Referring to fig. 1, a soft start dc power input circuit is shown, because C1 is larger, most of the auxiliary power of the inverter is powered at the C1 end, which will result in that if the soft start series resistance is too large, the auxiliary power is not driven enough, the bus voltage is not always started, if the soft start series resistance is too small, the impact current is larger, the RY1 needs a larger relay, and the cost is increased.

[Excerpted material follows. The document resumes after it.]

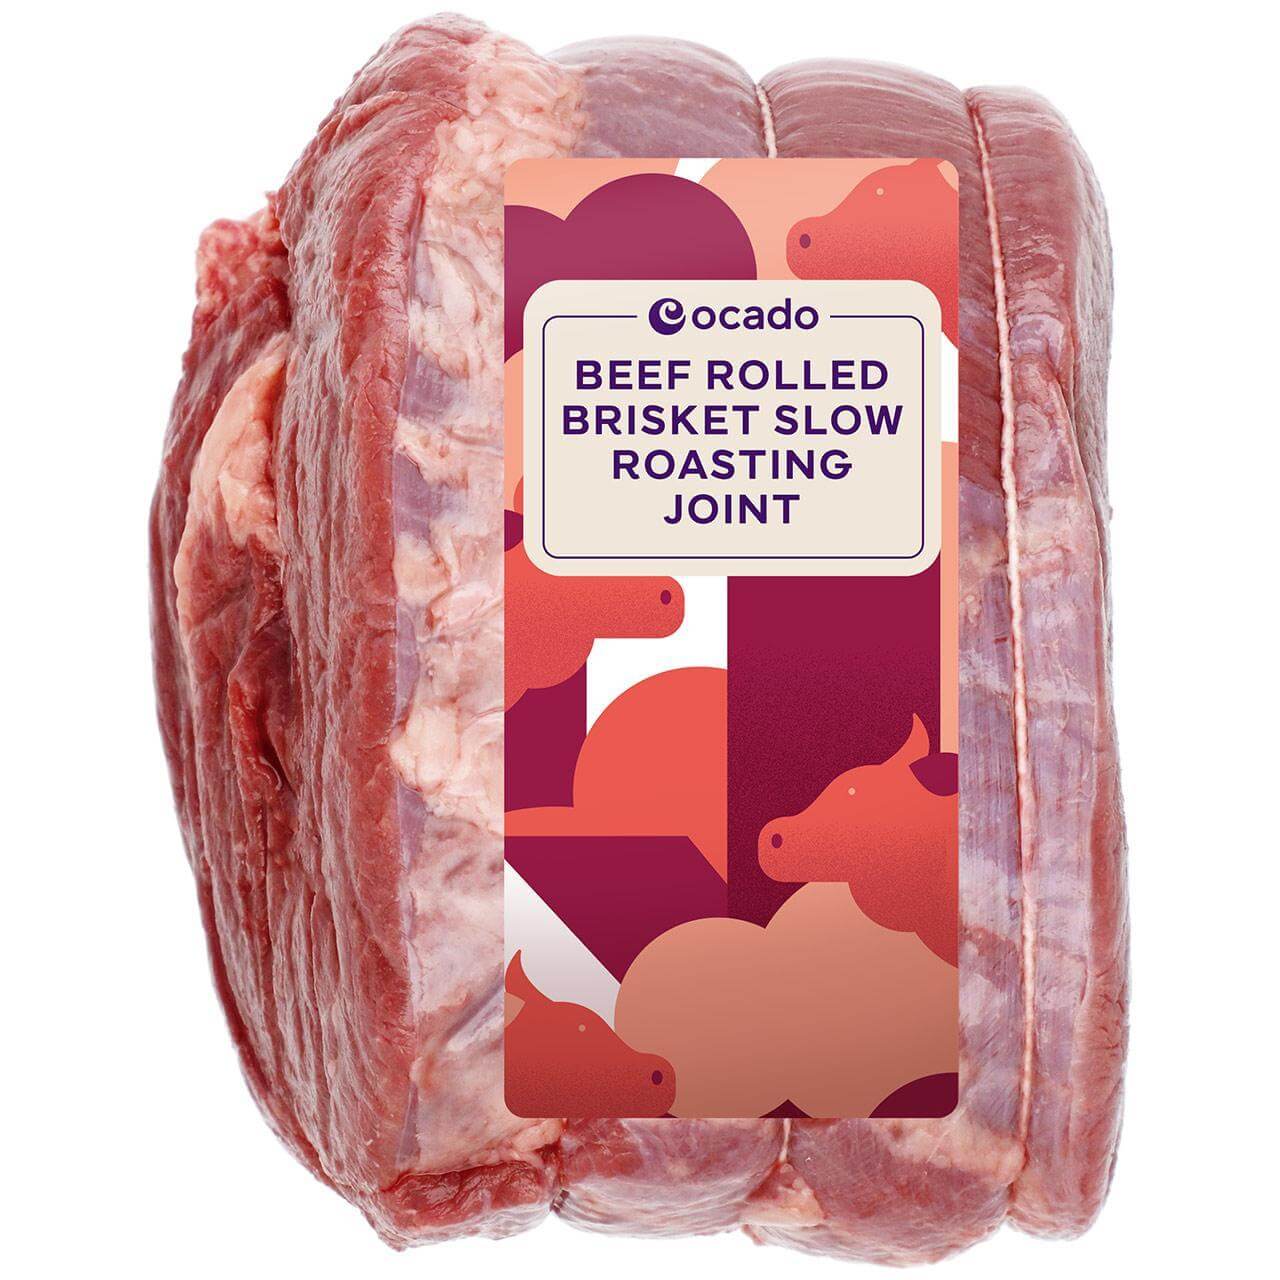 Image of Beef Rolled Brisket Slow Roasting Joint by Ocado, designed, produced or made in the UK. Buying this product supports a UK business, jobs and the local community.

When the direct current power supply breaks down and the direct current power supply turns off the discharge switch, no direct current power supply energy is input into an internal bus capacitor of the inverter, so that the voltage of the internal bus capacitor is continuously reduced; when the direct current power supply is suddenly recovered from the fault, the voltage of the direct current power supply is far greater than the voltage of the capacitor C1 due to the voltage difference, so that very large impact current can be generated on the RY1, L1 and S3 body diodes, the S3 diode is easy to break down due to overcurrent, and the S2 is opened and short-circuited to be damaged.

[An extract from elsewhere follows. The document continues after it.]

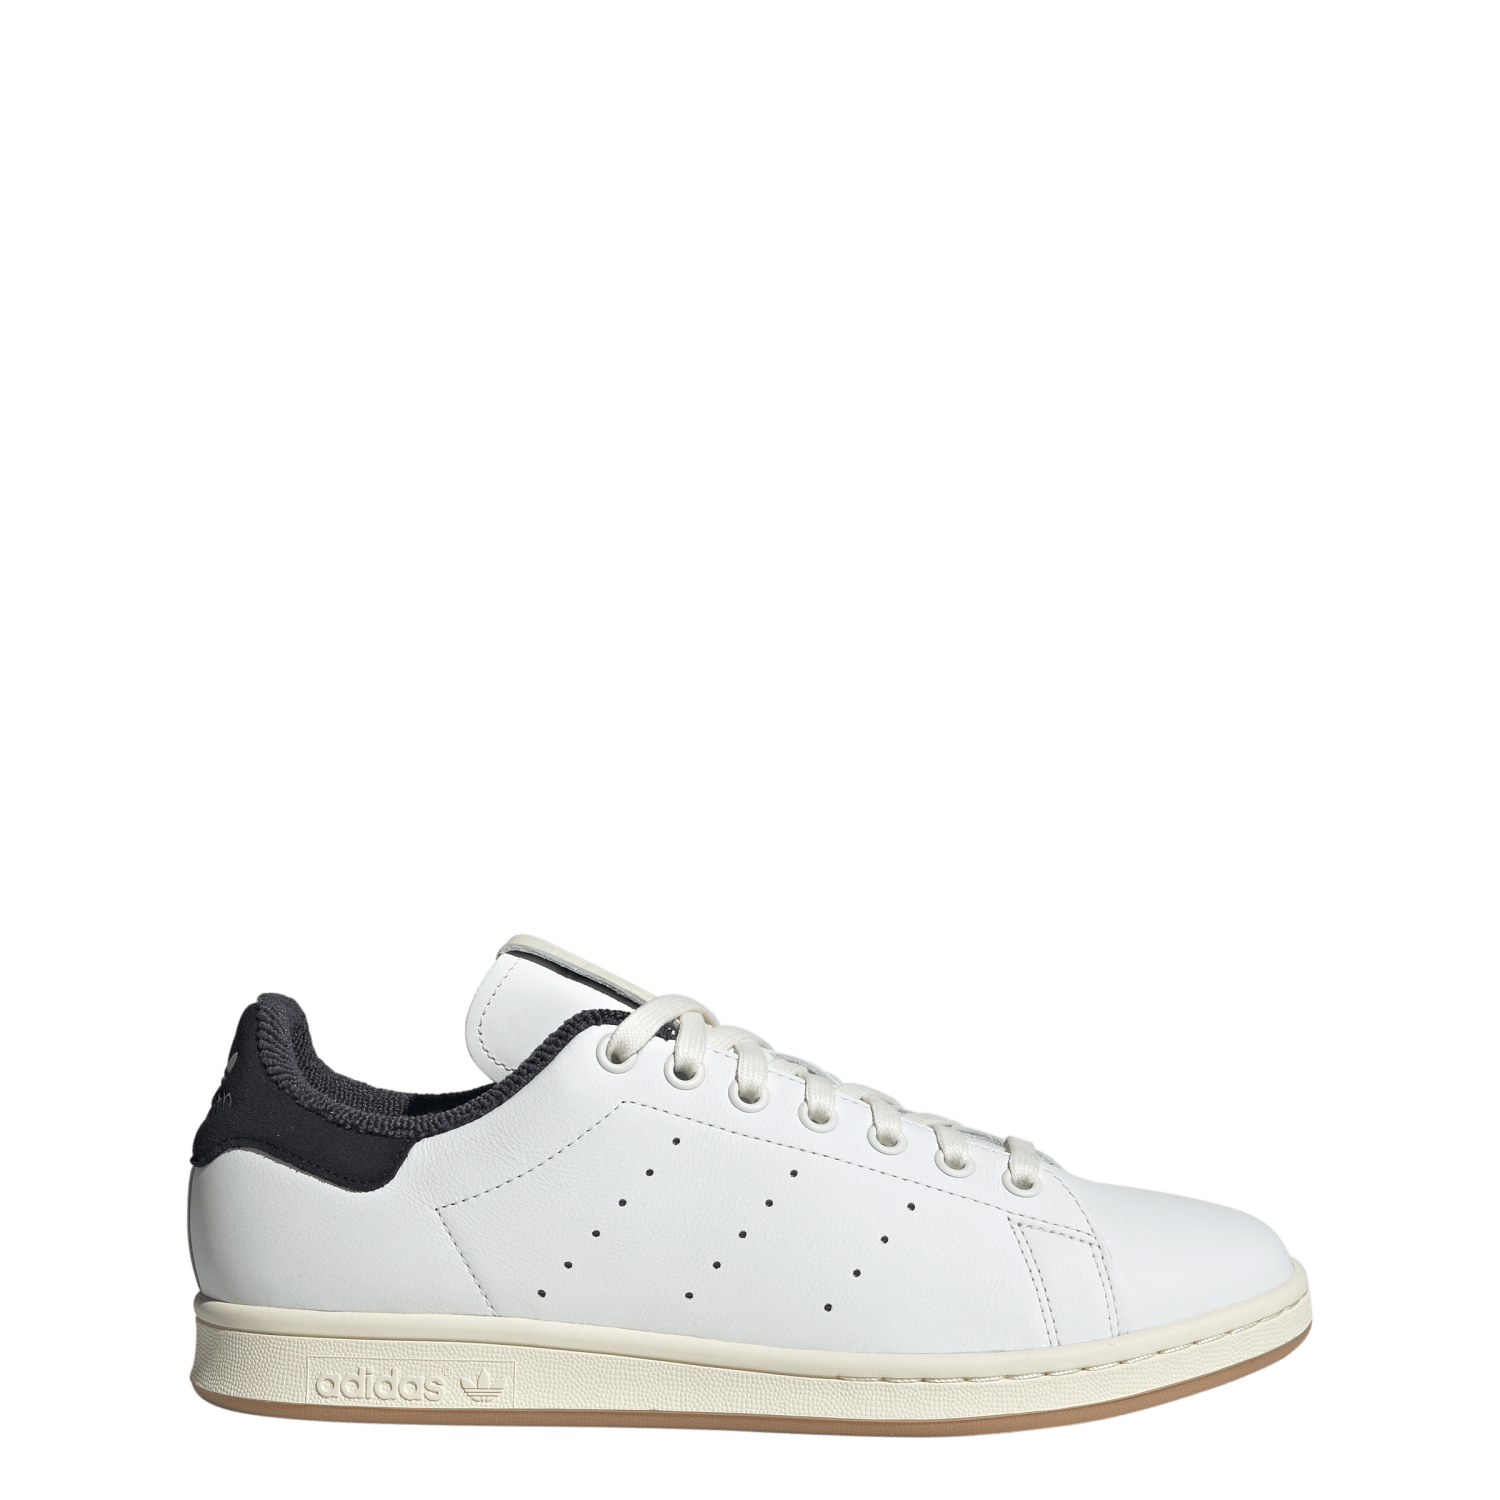 Adidas Stan Smith winter pack

When the MCU unit is disturbed to cause dead halt or other influences, the RY1 is suddenly disconnected in the high-current operation or suddenly closed when the voltage difference between the bus capacitor C1 and the direct-current power supply voltage is large, the S3 body diode is also caused to directly break down due to overcurrent, and the S2 is caused to open and short-circuit to be damaged.

Disclosure of Invention

The application aims to overcome the defect that a relay and a switching tube of a direct current power supply input circuit in the prior art are easily damaged by large current impact caused by direct current power supply or controller faults, thereby providing an impact current-resistant soft start direct current power supply input circuit.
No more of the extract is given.